The experiment has been done in a number of species. (One nice thing about influenza, from the researcher’s viewpoint, is that it does infect many different species, including some — mice, chickens, pigs — which are relatively easy to study.) For example, Donelan et al¹ made a mutant influenza virus that lacks the NS1 protein, and looked at its virulence in mice. Wild-type influenza infection made the mice very sick: they lost weight (Figure to the right here; the diamond traces are the wild-type virus) and, around day 5, died of the infection, but mice infected with the mutant virus didn’t lose any weight (squares). As well, the virus replicated thousands of times worse in the mice. Although in this case mice aren’t the natural host of the virus, there are similar findings in, for example, chickens using avian influenza viruses² so it’s pretty clear that this is an authentic virulence factor.

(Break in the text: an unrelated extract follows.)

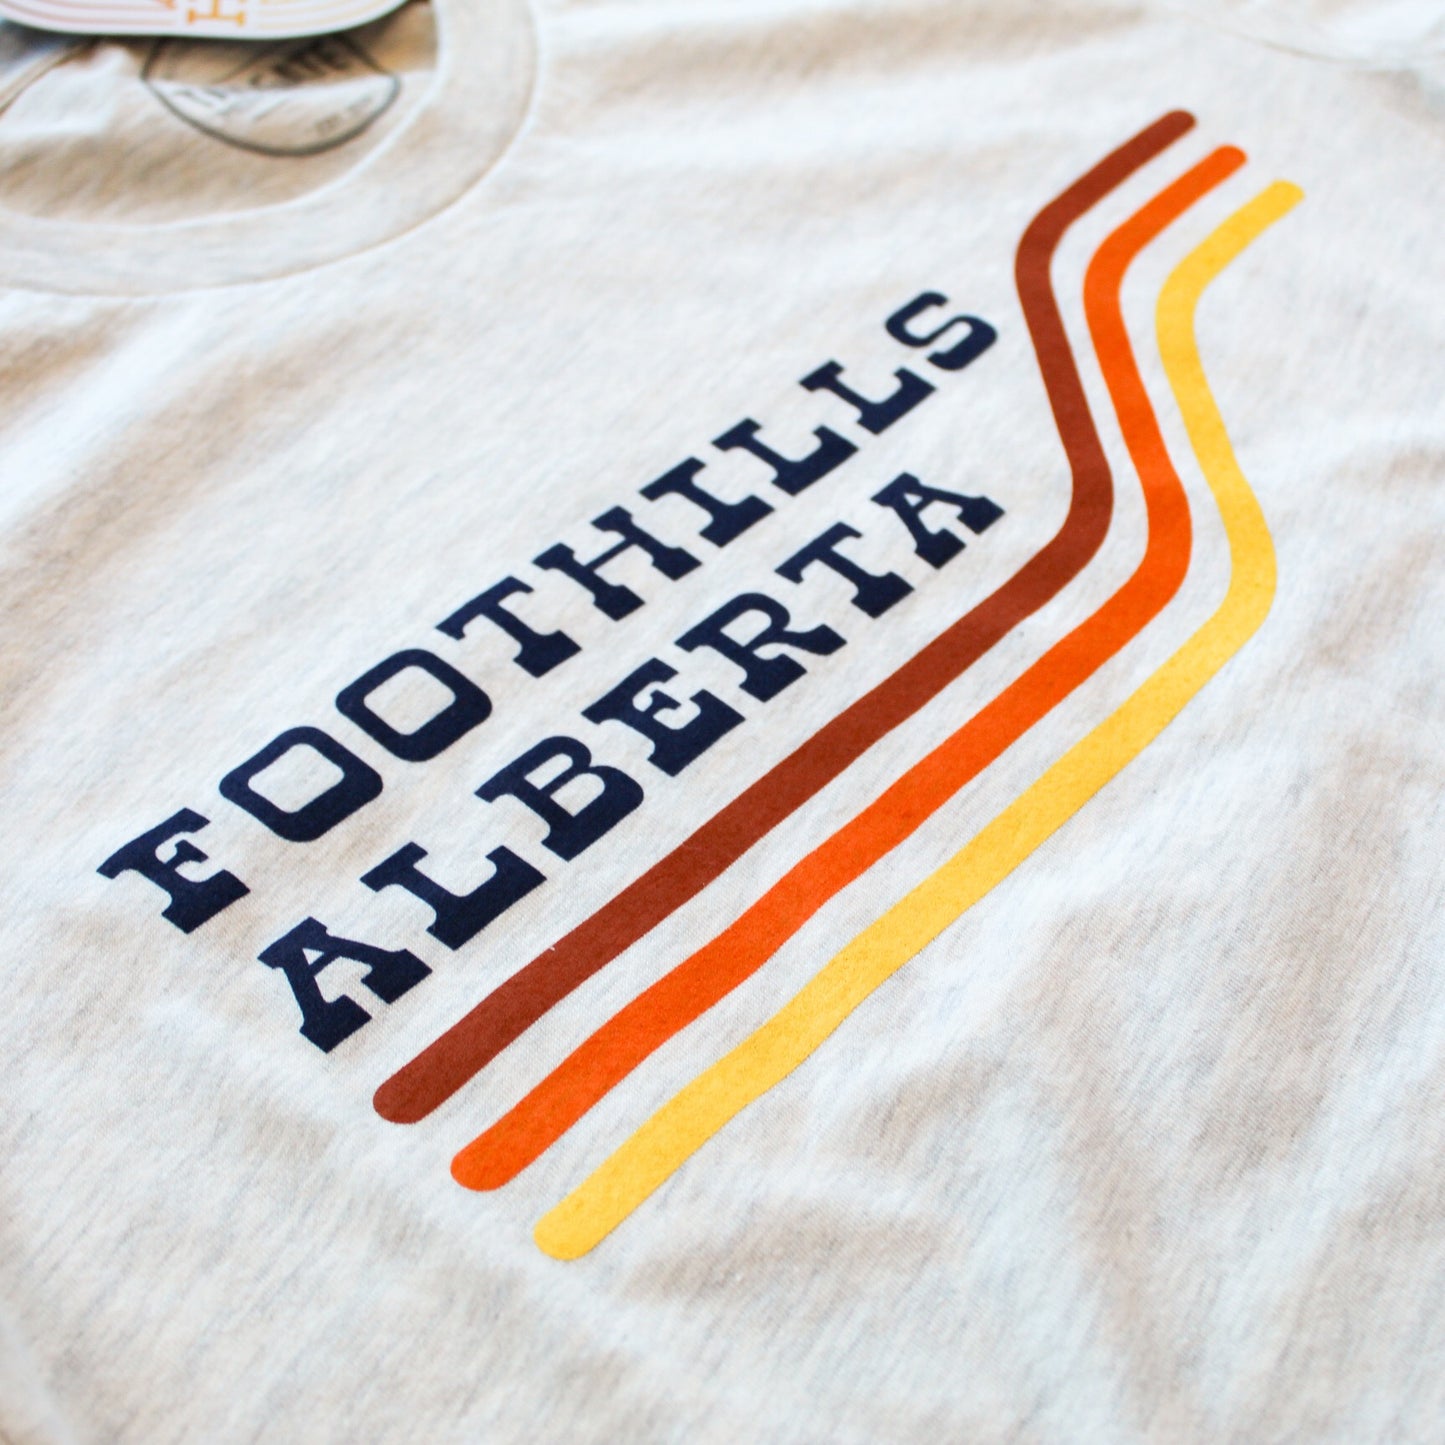 Exclusive t-shirt foothills Alberta unisex tee shirt

Speaking of avian influenza (nice segue, eh?), we all know about the concerns about an avian influenza pandemic. One of the reasons for the fear of this virus is previous experience with avian influenza in humans. In 1997, H5N1 influenza viruses jumped from chickens to humans and proved to be highly virulent — this was the Hong Kong outbreak of avian influenza, in which something like 6 of 18 known-infected people died. ³ It turns out that the NS1 in this H5N1 virus somehow is even more potent than normal, wild-type, virus in its ability to block the effects of interferon.⁴ Taking the H5N1 NS1 gene, and plugging it into a generic influenza virus (PR8, the most common lab strain) turned the normally fairly-innocuous PR8 virus into a vicious bastard, causing nearly a 50% weight loss in infected pigs (the circles in the figure to the left; the squares and triangles show the weights of pigs infected either with wild-type PR8, or with PR8 containing a mutated version of the H5N1 NS1). (The adorable pig pictures at the top of this post are from a later paper by the same authors.⁵ )

So immune evasion genes can be really potent virulence factors, which really contrasts to the apparently-minor effects of the CTL immune evasion genes.

1. A Recombinant Influenza A Virus Expressing an RNA-Binding-Defective NS1 Protein Induces High Levels of Beta Interferon and Is Attenuated in Mice. Nicola R. Donelan, Christopher F. Basler, and Adolfo Garcia-Sastre.